- Problem to solve -
Your copy of the listing must be exact and must hold no images.

- Available data -
------------
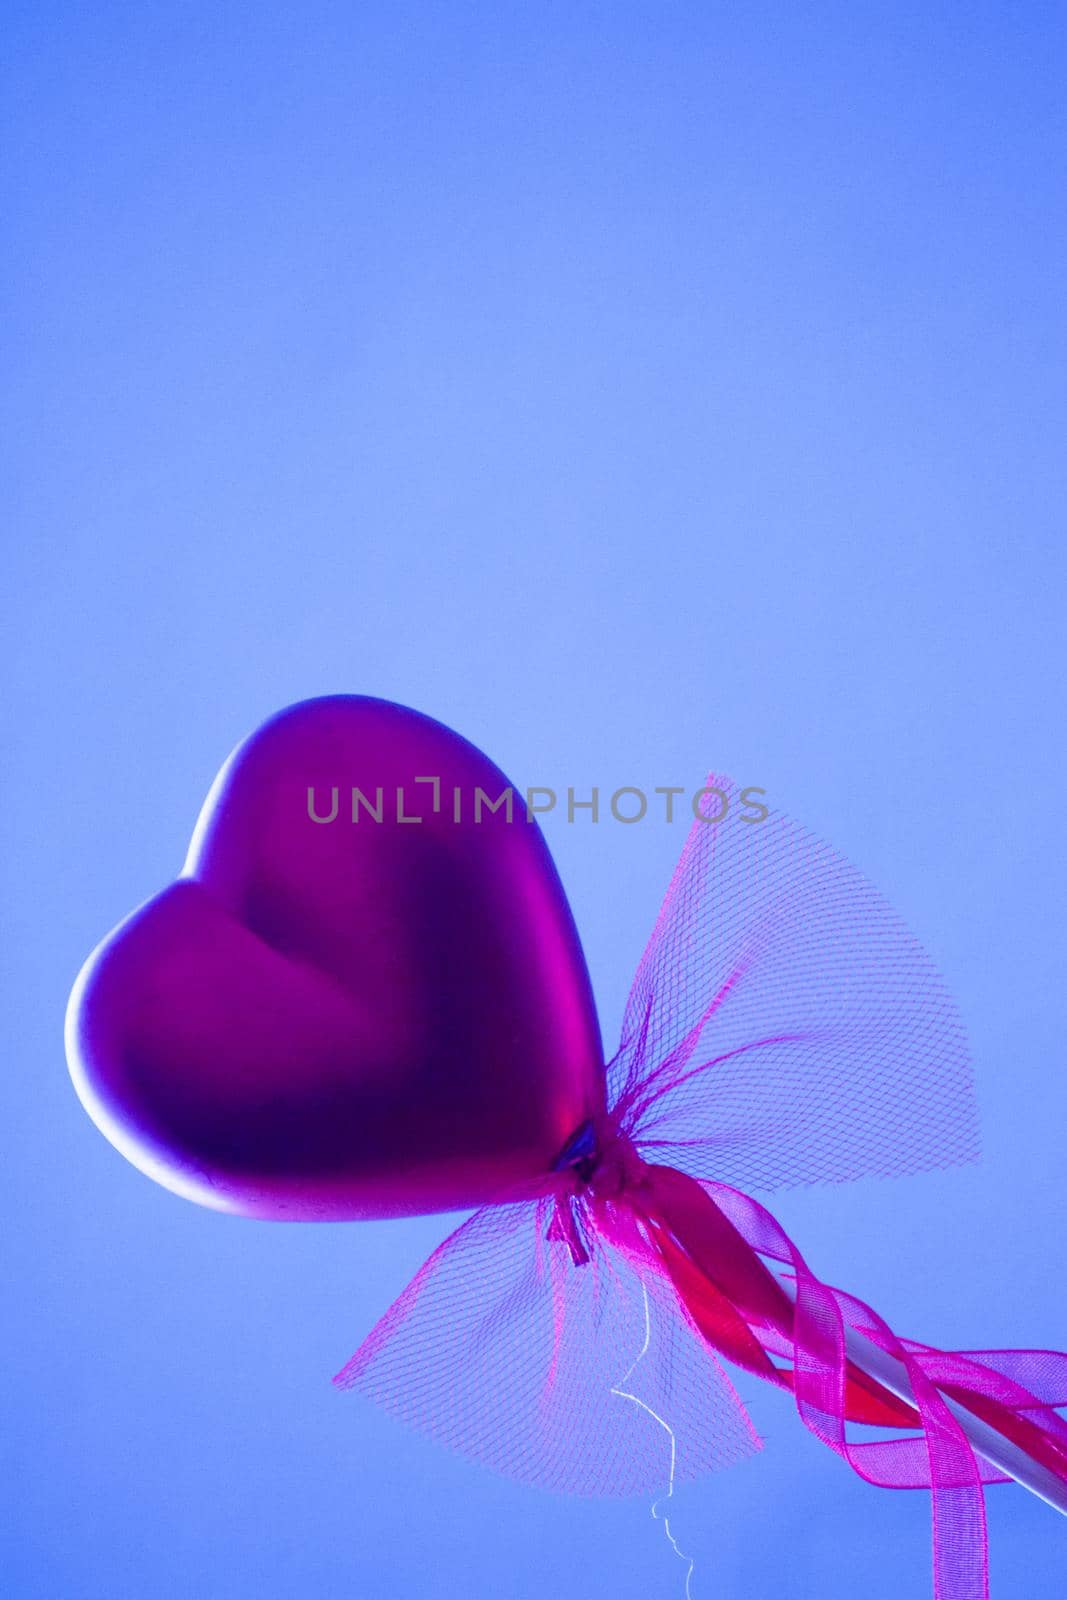 Red heart attached to a stick with a bow hanging by GemaIbarra
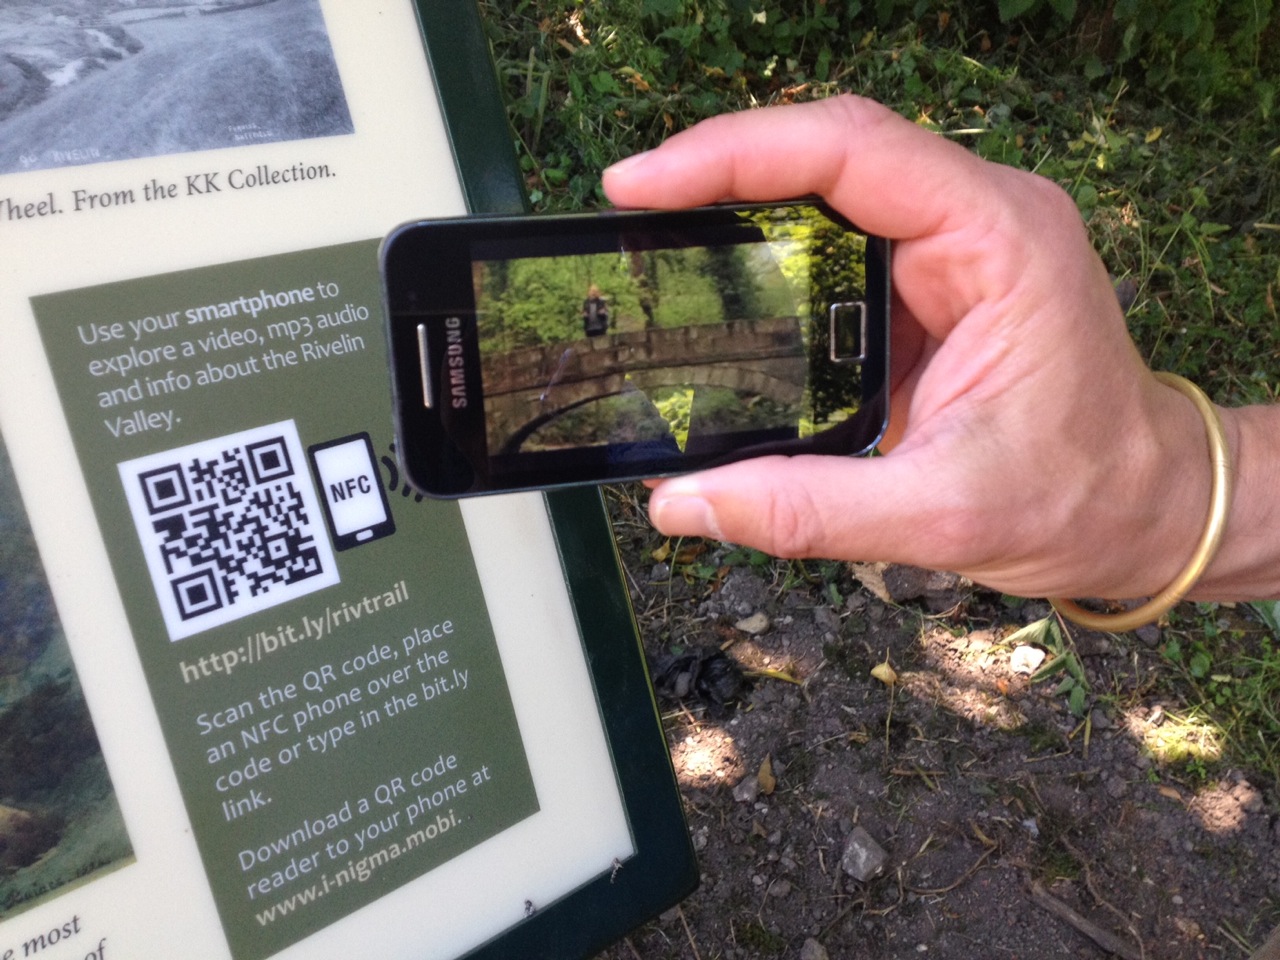 Scanning a QR code on an information panel
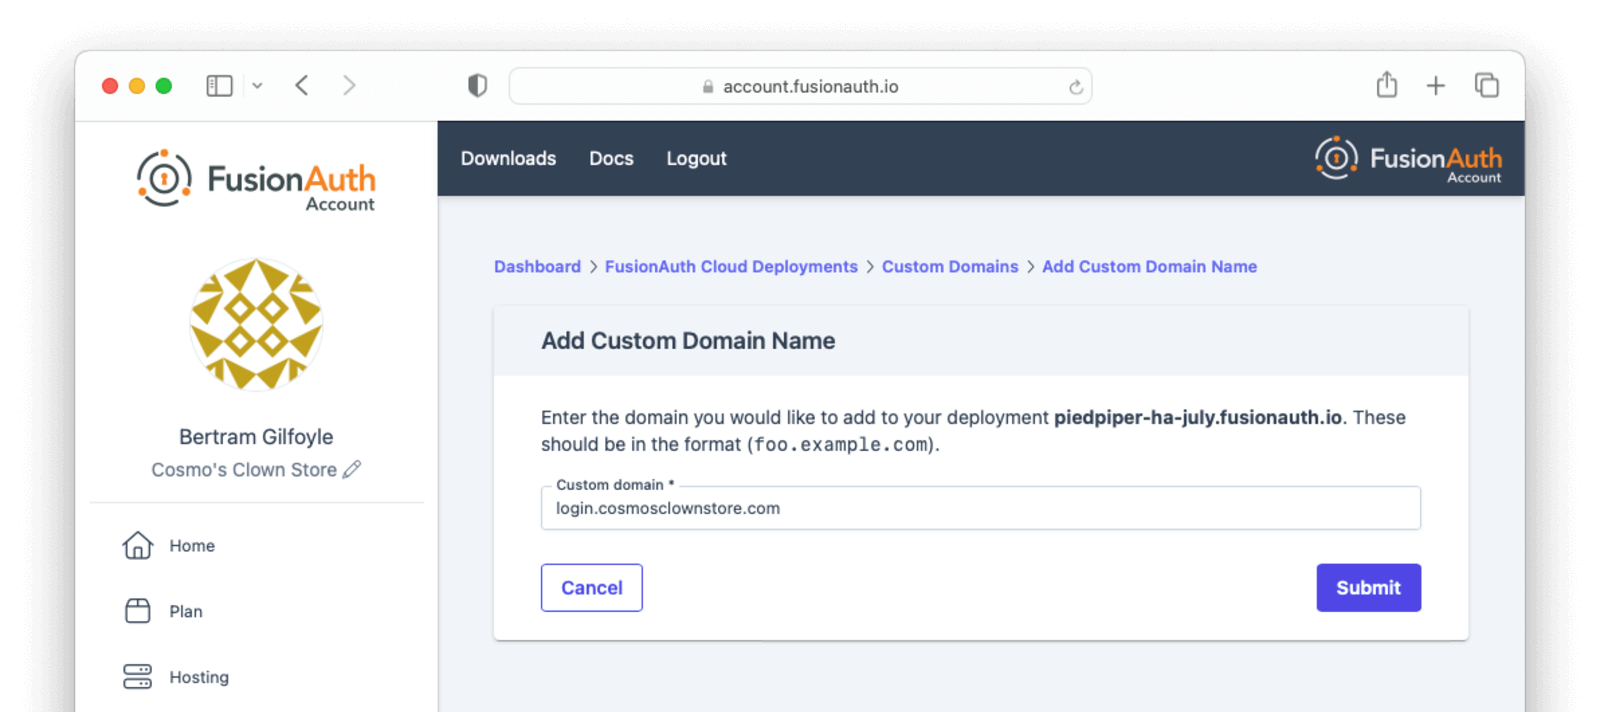 Form to add a custom domain.
------------
- Solution for this exercise -
 Red heart attached to a stick with a bow hanging by GemaIbarra
 Scanning a QR code on an information panel
 Form to add a custom domain.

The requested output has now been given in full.